Provided by Taste of Home
Categories Lunch
Time 25m
Yield 6 servings.
Number Of Ingredients 8
Steps:
- In a large saucepan, bring broth, frozen vegetables, celery and onion to a boil. Reduce heat; cover and simmer for 10-15 minutes or until vegetables are tender. Stir in cheese sauce, salt and Italian seasoning. Cook on low heat until heated through. Sprinkle with cheese if desired.
Nutrition Facts :
Tips:
- Use a variety of vegetables. This will give your soup a more complex flavor and texture. Some good options include carrots, celery, onions, potatoes, and leeks.
- Don't be afraid to experiment with different types of beer. A light beer will give your soup a milder flavor, while a dark beer will give it a more robust flavor. You can also use a combination of different beers to create a unique flavor profile.
- Use good quality cheddar cheese. This will make a big difference in the flavor of your soup. Look for a sharp cheddar cheese that is well-aged.
- Don't overcook the vegetables. You want them to be tender, but not mushy.

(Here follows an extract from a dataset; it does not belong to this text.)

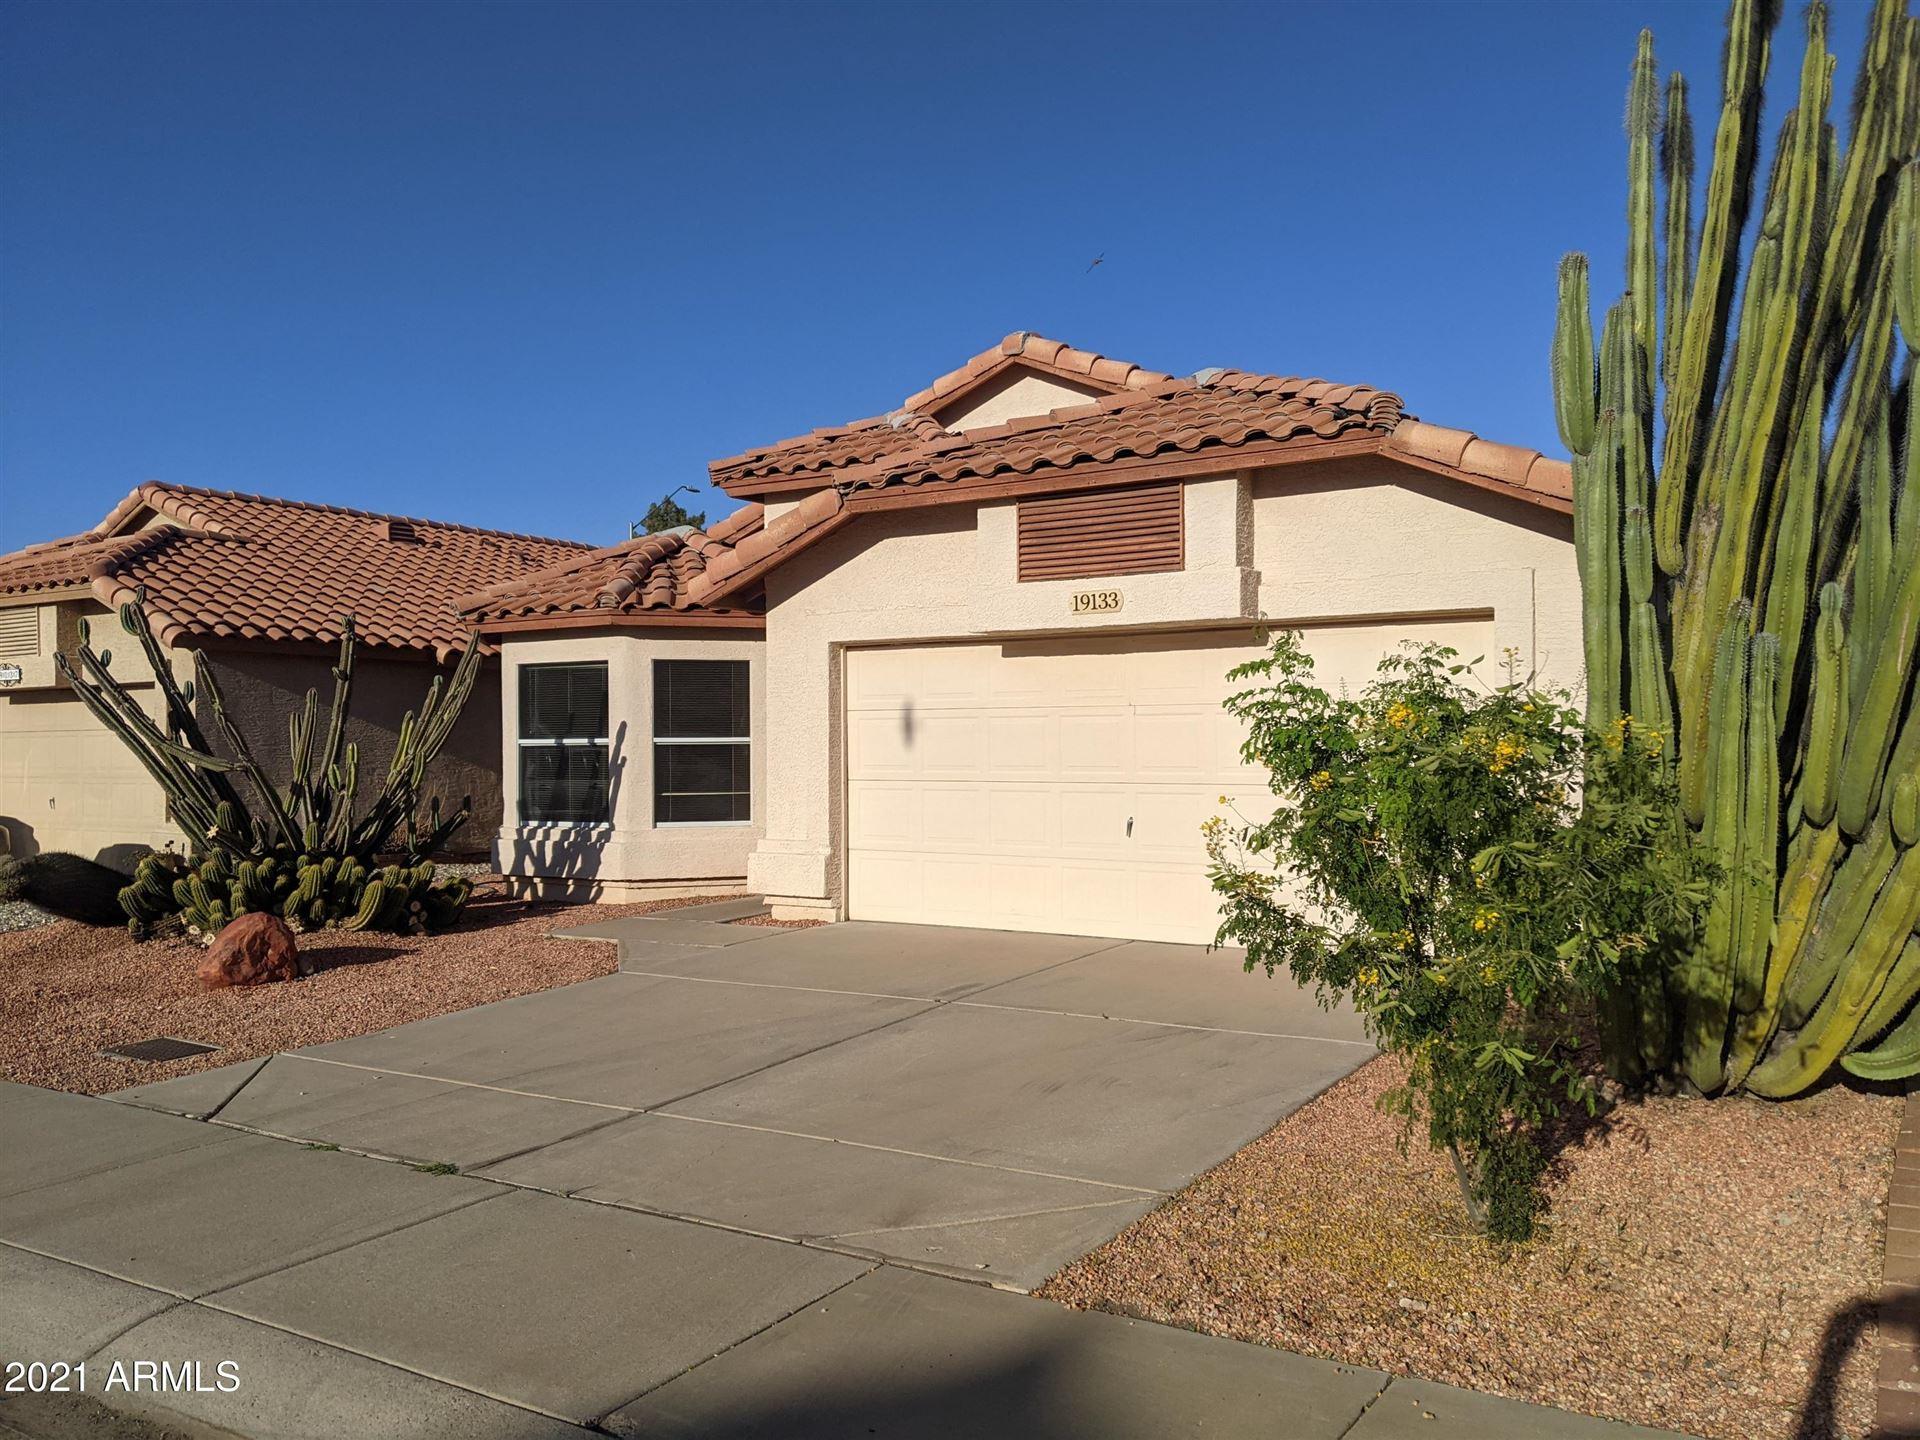 Photo of 19133 N 75TH Drive, Glendale, AZ 85308 (MLS # 6231280)

Cook them just until they are starting to soften.
- Serve the soup immediately. This is when it will be at its best flavor. You can garnish it with a sprinkle of fresh herbs, such as parsley or chives.
Conclusion:
Vegetable beer cheddar soup is a delicious and hearty soup that is perfect for a cold winter day. It is easy to make and can be tailored to your own taste preferences. So experiment with different vegetables, beers, and cheeses to find the perfect combination for you. With its creamy texture, rich flavor, and hearty ingredients, vegetable beer cheddar soup is sure to be a hit with your family and friends.